Para Jack Hawksmoor, que no existe, pero es real.
Río Doce.- Eso de vivir todos juntos hechos bola, organizados o desorganizados, en casas contiguas, con lugares comunes y espacios privados, vías de comunicación y otro tipo de servicios, con el propósito de asegurar nuestra existencia y facilitar nuestra convivencia, tiene en este mundo desde que inventamos las ciudades, o sea, unos seis mil años.
Desde entonces hemos pasado por distintas etapas de desarrollo de los centros urbanos, ligados por lo general a los avances tecnológicos, el crecimiento cultural, la administración de los recursos, los conflictos políticos o la salud. Y en todo este tiempo, el eterno conflicto entre lo rural y lo urbano.
El tiempo ha destilado la personalidad o el carácter de muchas ciudades alrededor del mundo.
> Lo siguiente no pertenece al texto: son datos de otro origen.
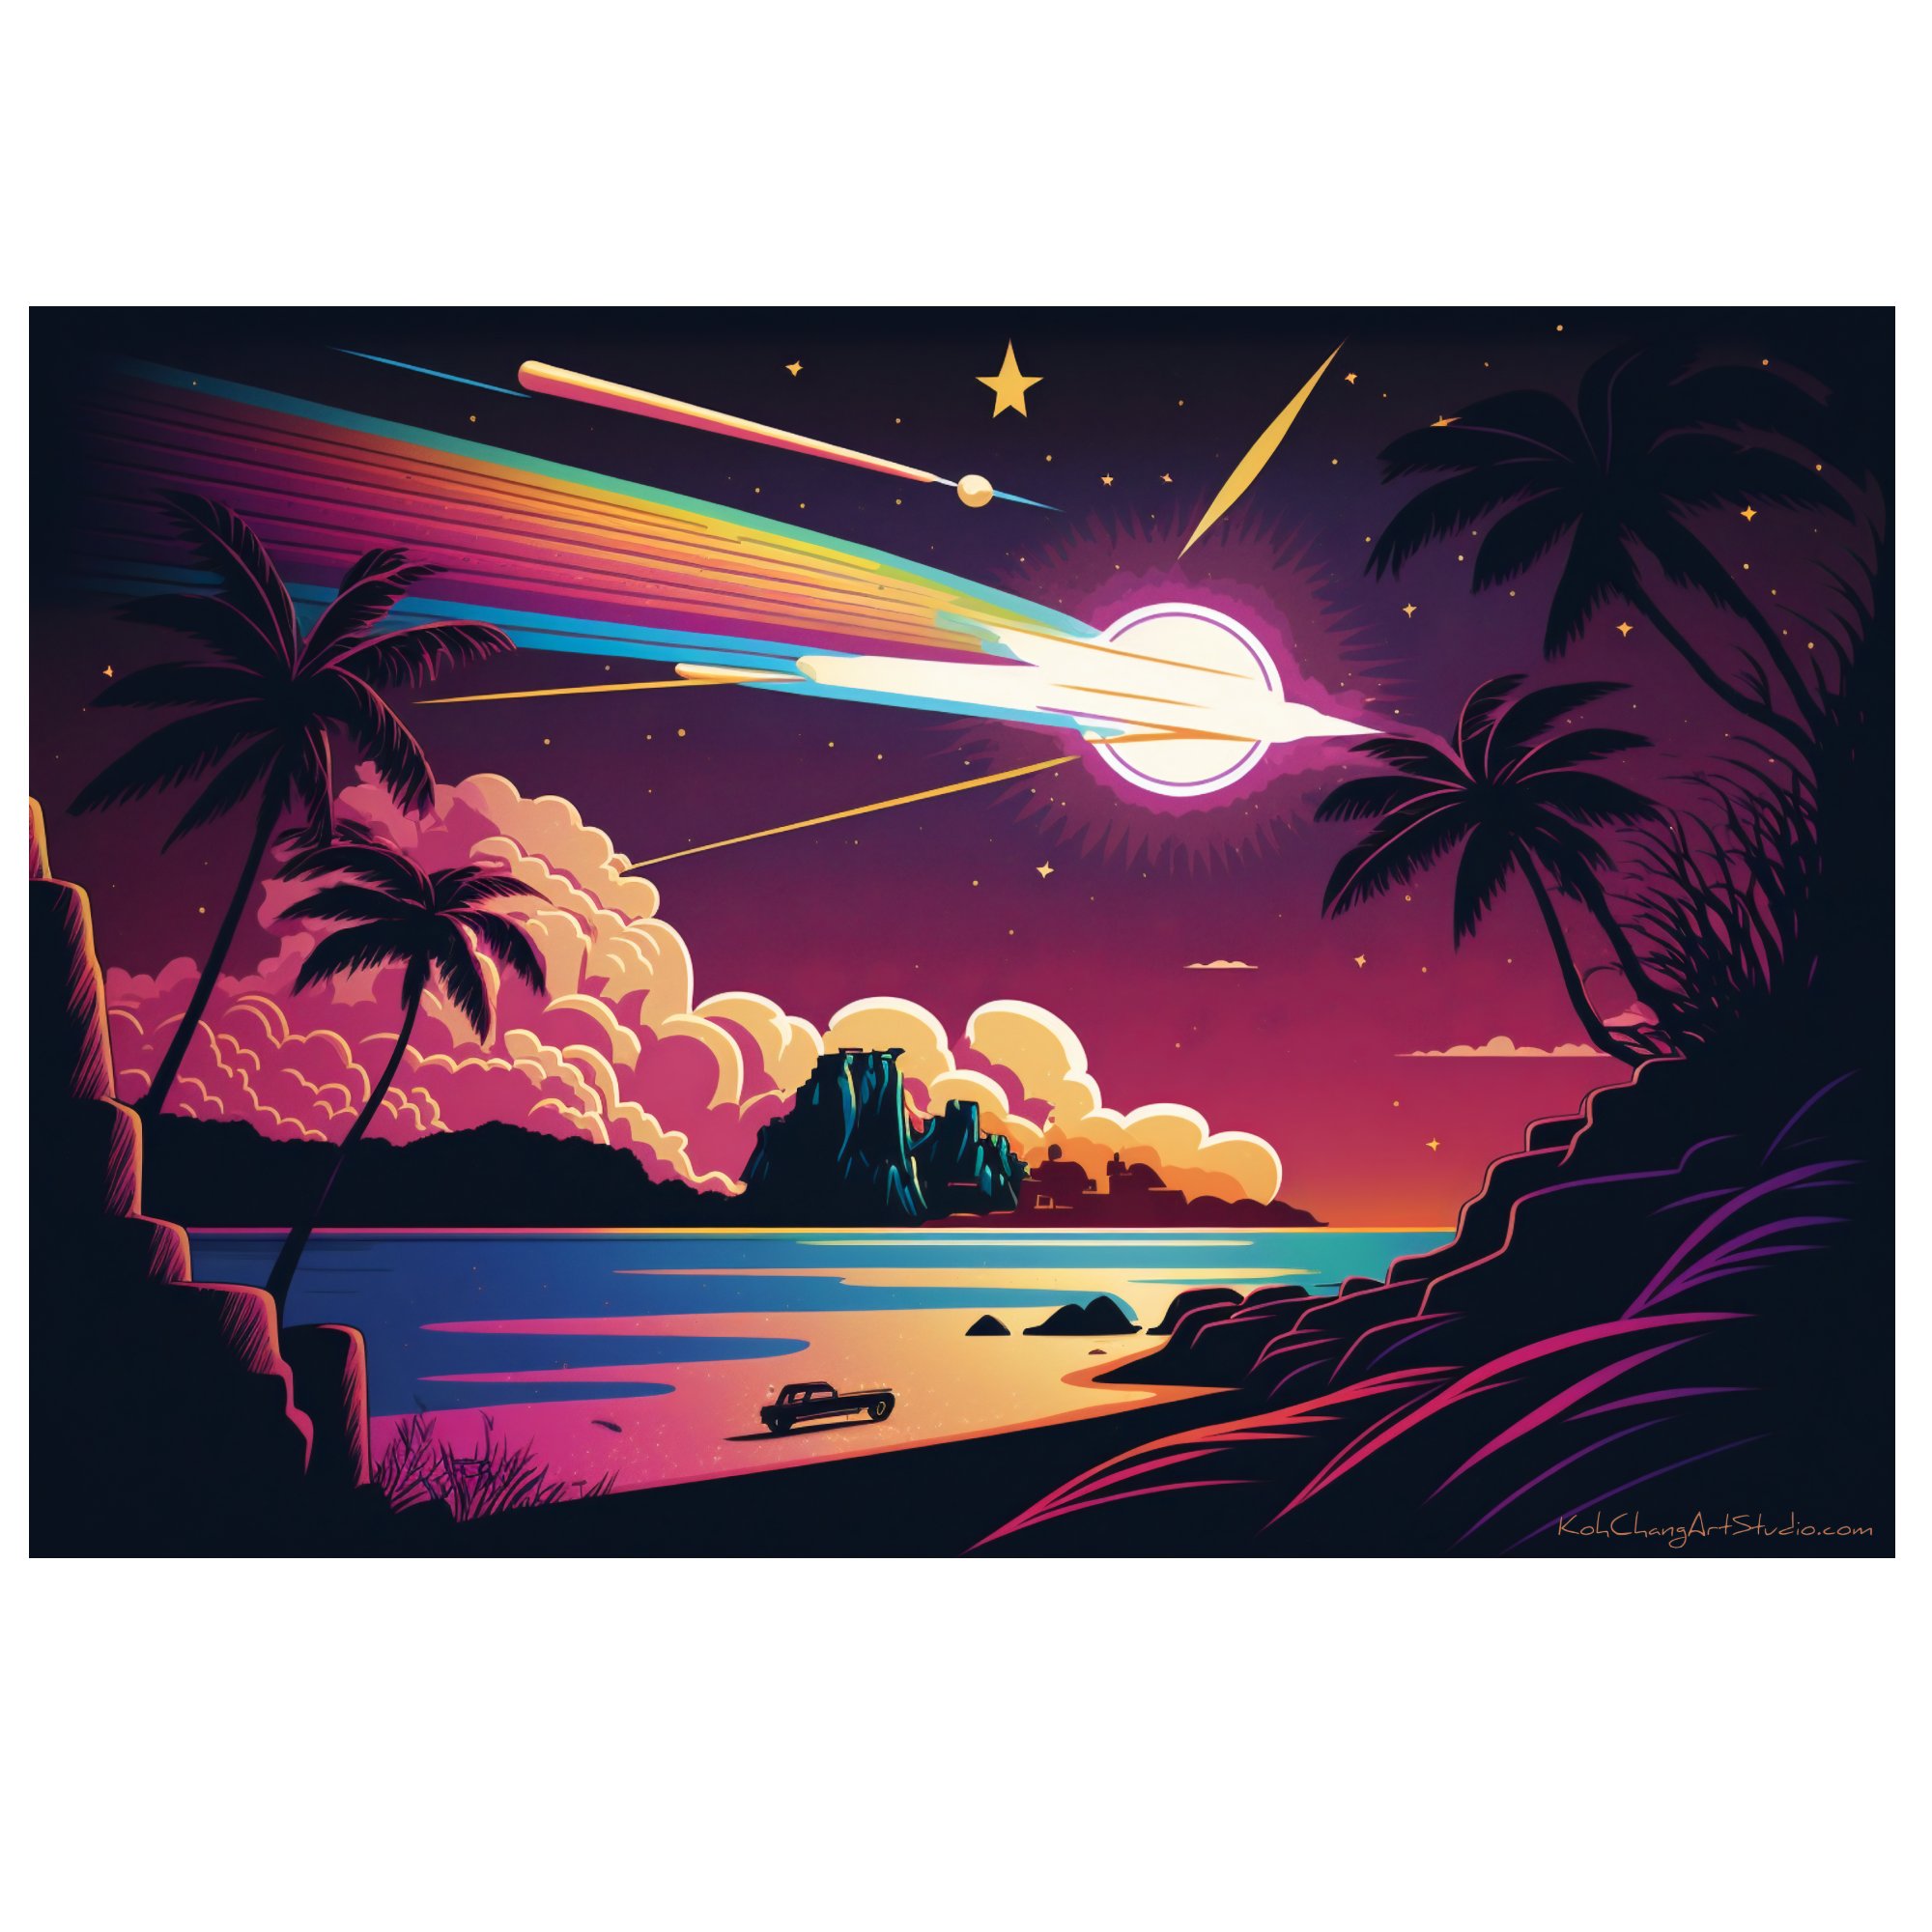 STARLIT ESCAPE Design - Meteorite slicing the sky, weaving a tapestry of wonder on a tropical shore.

Sus edificios, monumentos, belleza natural u otros atractivos, las definen frente al resto. La ciudad luz, la gran manzana, la ciudad de los palacios, le perla del Humaya, son nomenclaturas que damos a nuestros centros urbanos como títulos nobiliarios.
En el imaginario colectivo de los seres humanos, a veces nos hemos planteado la posibilidad de que las ciudades sean seres vivos en sí mismas. Incluso esta idea dio origen a la teoría del organicismo dentro de la sociología, la cual sostiene que la sociedad es un ente vital.
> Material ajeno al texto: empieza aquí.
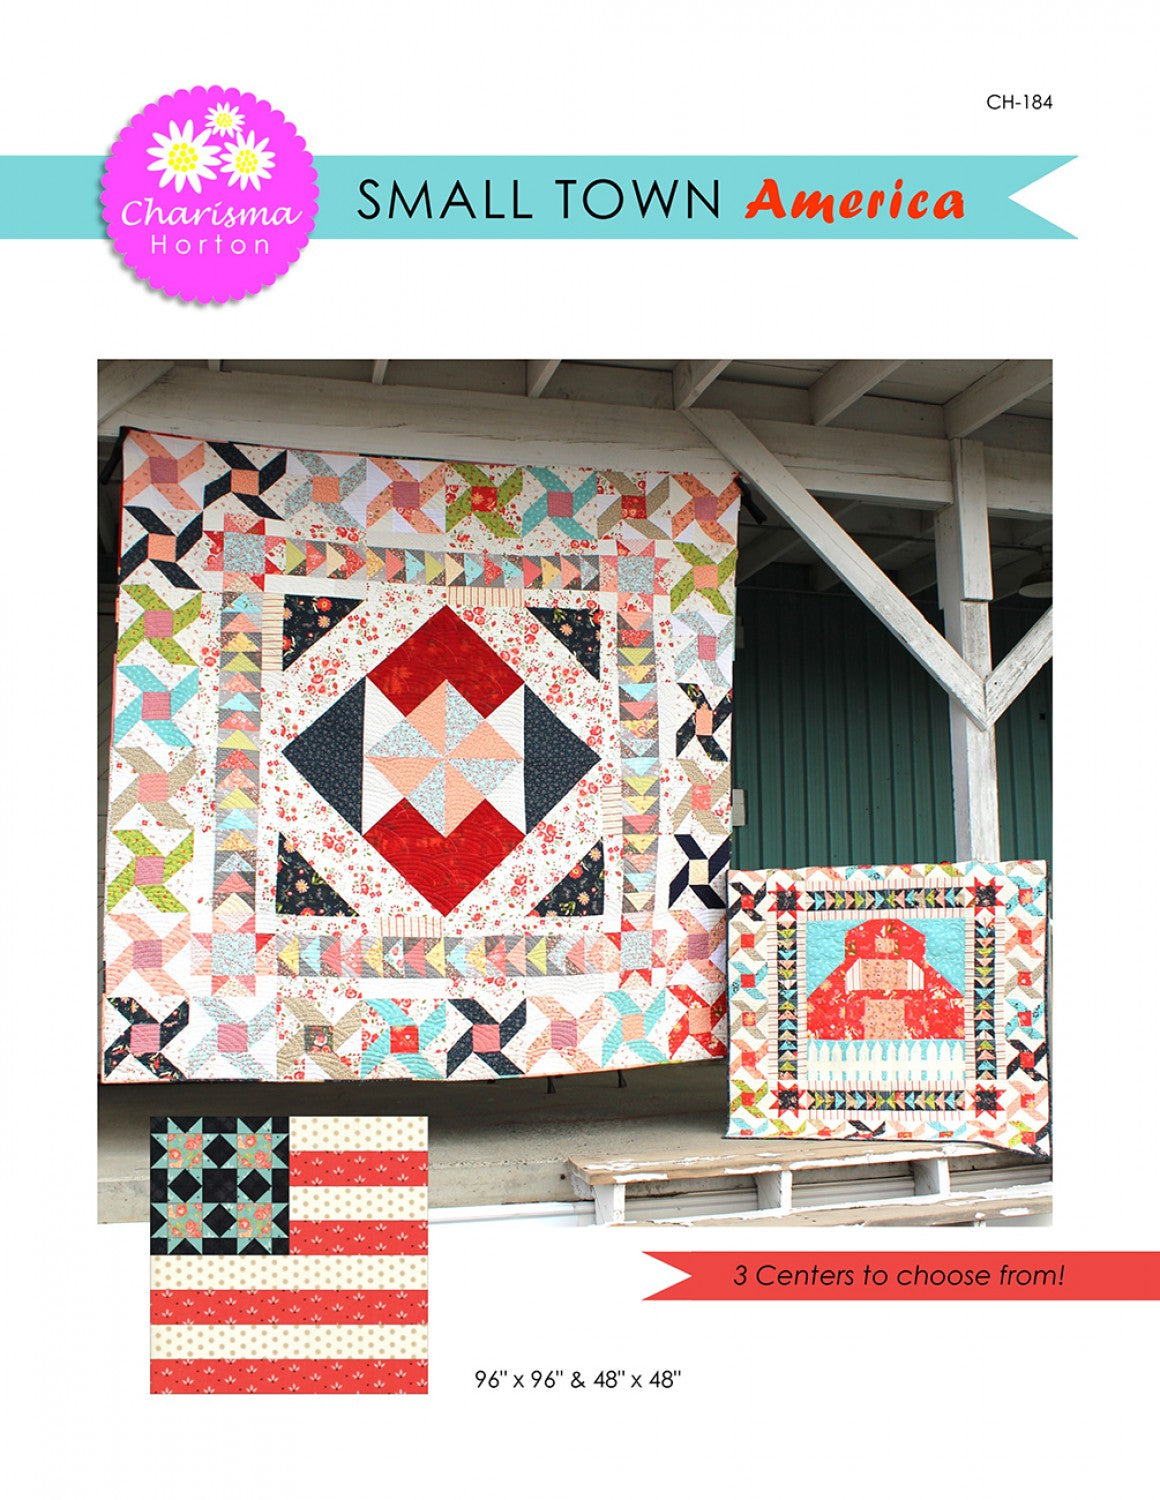 Small Town America / Charisma Horton Quilt Pattern

Como tales, es su vida la que caracteriza a sus habitantes. ¿Quiere conocer a los neoyorquinos, vieneses, parisinos o chilangos? Súbete al metro. Y antes de que pienses que en el extranjero sólo tiene vagones súper cómodos último modelo, déjame romper tu ilusión y confirmarte que no, también los hay viejos y pintarrajeados.
Pero el trajín cotidiano, aunque similar, tiene sus diferencias. En el DF los apretujones están a la orden del día, en Nueva York las prisas y las carreras parecen competencia olímpica, en Viena no metes el boleto a ninguna máquina porque confían en que no subirás sin pagar, mientras que en París apenas llegas a una estación cuando ya le sigue otra. Si la ciudad está viva, el sistema subterráneo de transporte son sus venas.
¿Pero qué pasa cuando la referencia de nuestras ciudades es la muerte? ¿Qué pasa cuando el paisaje urbano se convierte en una enorme escena del delito? Cuando la ciudad se llena de veladoras, flores y globos que señalan el punto donde cayó la víctima de un homicidio, se va poblando de fantasmas.
El pasado 19 de enero, el Consejo Ciudadano para la Seguridad Pública y Justicia Penal A.C. dio a conocer el ranking 2013 de las cincuenta ciudades más violentas del mundo. Los trece primeros lugares los ocupan urbes latinoamericanas encabezadas por San Pedro Sula, Honduras. Del listado, diez puestos corresponden a ciudades mexicanas.
Acapulco ocupa el tercer lugar y Culiacán el vigésimo cuarto. La capital sinaloense se encuentra por debajo de Detroit (22 sitio), Cali (9) o Caracas (2) y por encima de Ciudad Juárez (27), Tijuana (45) o Cuernavaca (50). Si sólo consideramos las zonas urbanas de nuestro país, Culiacán es la segunda ciudad con más asesinatos con una tasa de 42.17 por cada cien mil habitantes. La buena noticia es que hace dos años estábamos en el décimo sexto lugar.
No creo que haya nada qué celebrar. Nuestras ciudades se convierten en territorios donde la lotería de la muerte te da boleto sin comprarlo. Aunque quienes hemos vivido en ellas sabemos que en Culiacán o Cuernavaca los homicidios no se dan en duelos del viejo oeste, a mediodía frente a Catedral o el Palacio de Cortés.
A veces pienso que la urbanización del asesinato sigue la geografía de la ciudad, se alimenta de sus desigualdades, vive en sus rincones marginados, le respira en la nuca a los vulnerables. Otras tantas pienso que sigue la ruta de la ira, los celos, la codicia. Pero también veo que la muerte es lodo en las suelas del dinero.
No toda la ciudad es un ataúd, pero tiene callejones creados por balaceras que nos encierran con la muerte. Genera espacios en pequeños momentos en los cuales el entorno urbano oprime y opera en nuestra contra. Son los lugares donde ocurren las historias del Malayerba.
¿Qué traza tendría Culiacán si nunca se hubieran borrado las siluetas de los muertos tirados en la calle? Morir en nuestras ciudades es cuestión de transitar por caminos cuyo riesgo proviene de nuestros pecados. ¿O no paisano?